AI Field Engineer, EMEA
London • FullTime
Posted 1mo ago
Remote Work Policy
On-site
Employment Type
FullTime
Categories
Applied AI Engineer
About the job
Fireworks is seeking an AI Field Engineer to join our team in EMEA. This role is at the forefront of our technical engagement with ambitious customers and technology partners, focusing on transforming complex AI challenges into production-ready systems. You will operate at the intersection of engineering, product, and customer delivery, actively building Proofs of Concepts (POCs), Minimum Viable Products (MVPs), and production integrations. This position requires a blend of hands-on technical execution and the ability to engage in executive-level discussions regarding architecture, strategy, and business outcomes. The role emphasizes building strong relationships and trust through in-person interactions with clients, particularly within large organizations and digital-native companies adopting GenAI.
Responsibilities
- Build end-to-end POCs and MVPs with customer engineering teams, integrating into their codebases and infrastructure.

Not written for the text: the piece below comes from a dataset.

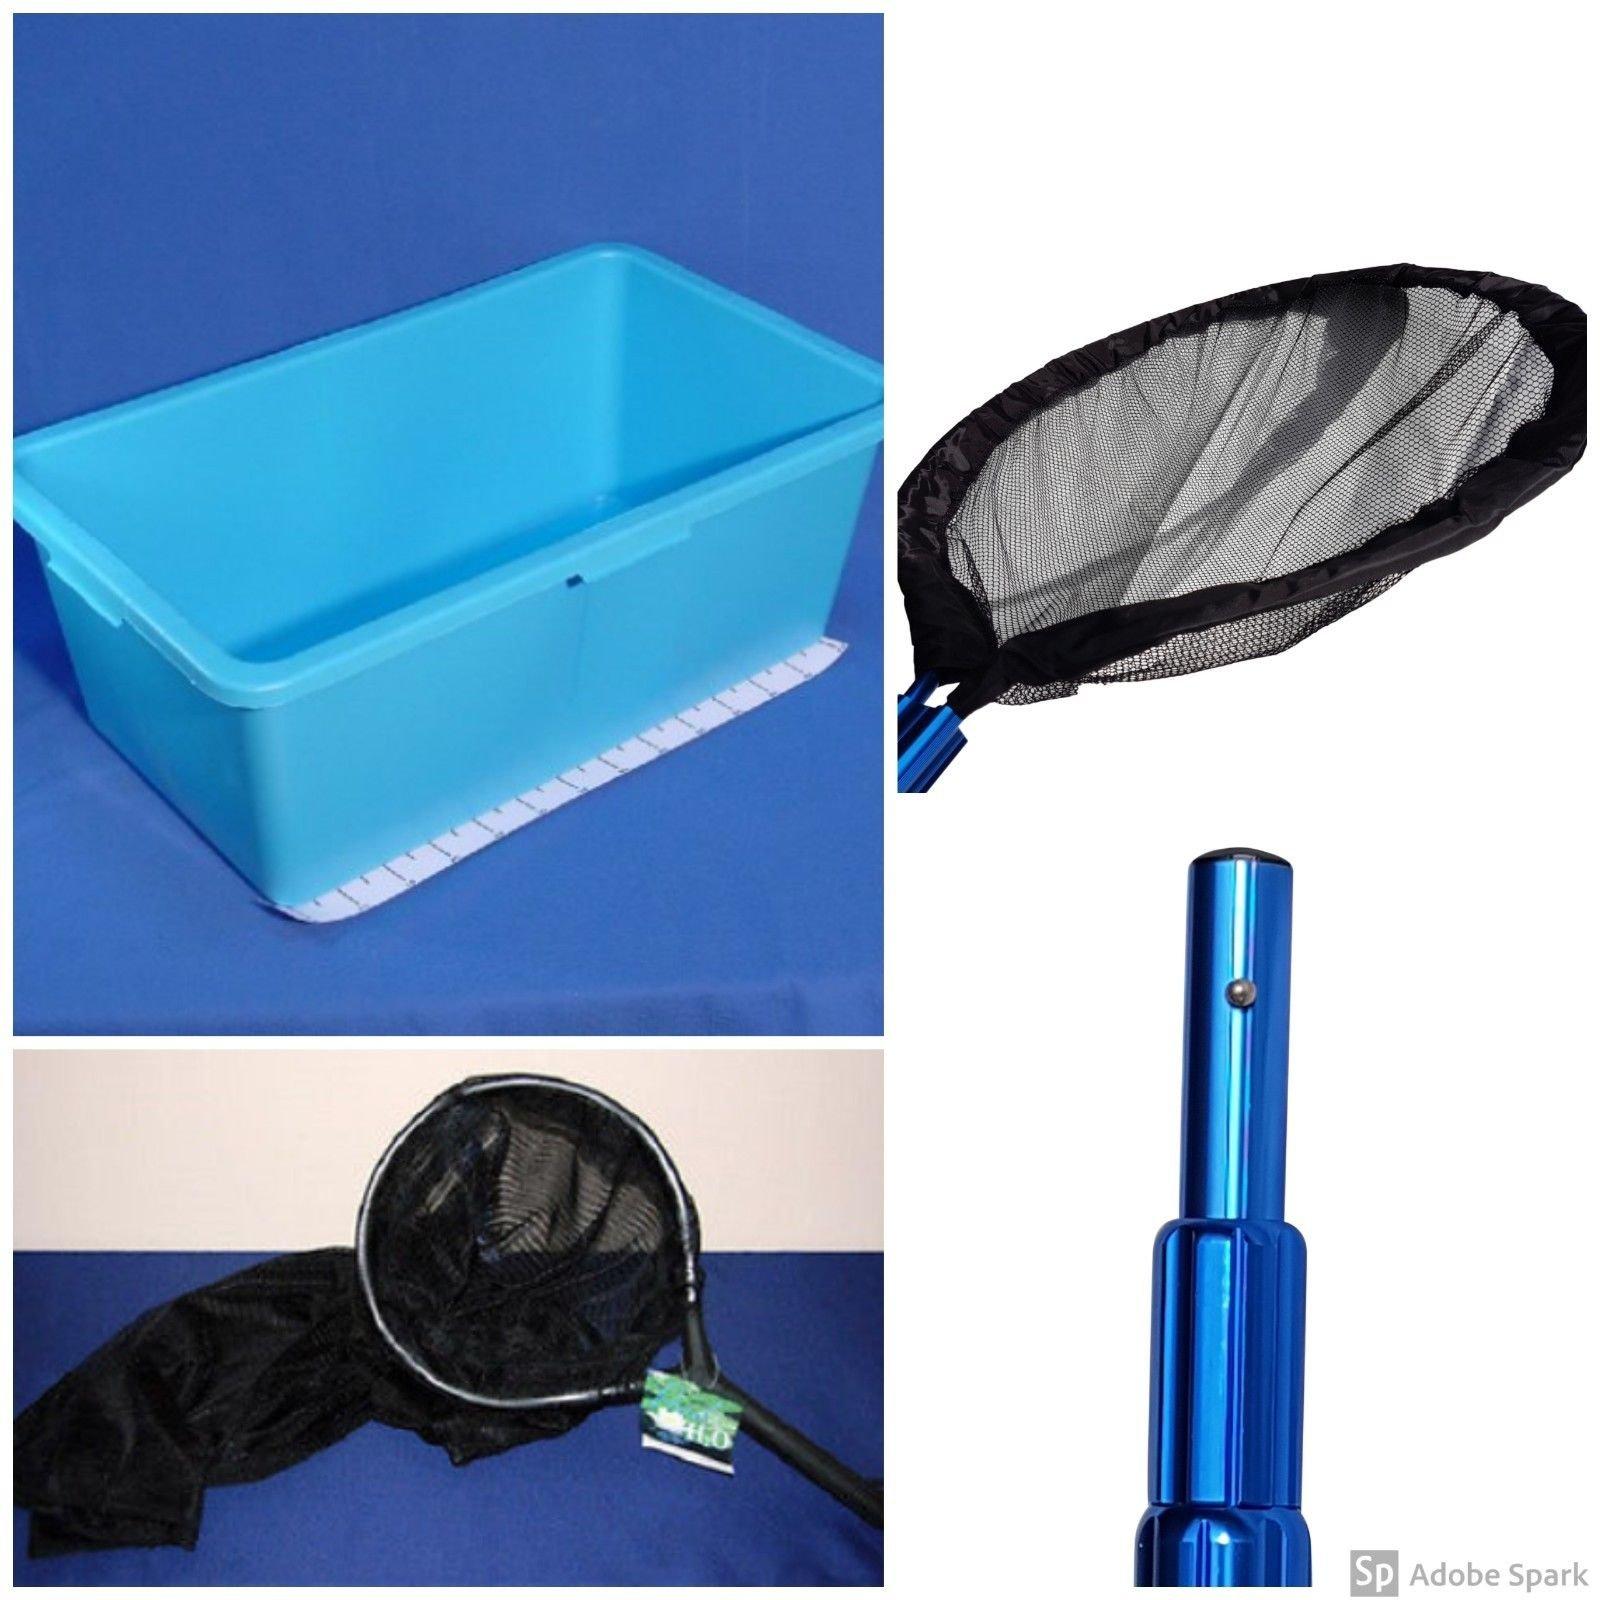 PondH2o Koi Transfer Pack, Includes Heavy Duty Net, Telescopic Pole, Handling Sock & Vat

- Architect inference foundations for customers whose core products are GenAI-based, ensuring scalable deployments.
- Run load tests and establish performance baselines (latency, throughput, cost) for customer traffic profiles, tuning deployments accordingly.
- Deploy and validate new model families on inference frameworks like vLLM and SGLang, optimizing configurations for various workloads.
- Guide customers on model selection, fine-tuning strategies (SFT, DPO, RFT), and evaluation methodologies.
- Build and execute fine-tuning pipelines with customers, balancing model families, compute costs, and quality targets.
- Design and implement evaluation frameworks to measure production-quality metrics.
- Lead discovery conversations to understand customer pain points, constraints, and success criteria.
- Own the technical relationship from initial engagement through production deployment, building trust with both ML engineers and VPs.
- Spend time on-site with customers to build trust and momentum through in-person collaboration.
- Identify recurring customer pain points and translate them into actionable product proposals for engineering and product teams.
- Codify repeatable deployment patterns for internal tooling, documentation, and the platform.
- Provide specific and urgent feedback on customer signals to the product roadmap.
Requirements
- 5+ years in a hands-on, customer-facing technical role (e.g., Forward Deployed Engineer, Applied AI Engineer, Solutions Architect, ML Engineer with field exposure, or technical founder).
- Proven ability to build production software with customers, with experience shipping code in a customer's production environment.
- Strong Python skills, including proficiency in reading, writing, and debugging production code.
- Familiarity with Kubernetes and infrastructure engineering.
- Working knowledge of the LLM stack, including inference trade-offs, model serving, and fine-tuning workflows (SFT minimum; DPO/RFT a plus).
- Experience with cloud infrastructure (AWS, Azure, GCP) and deploying models on GPU infrastructure.
- Exceptional communication skills, capable of leading discovery calls, presenting to VPs, and debugging technical issues.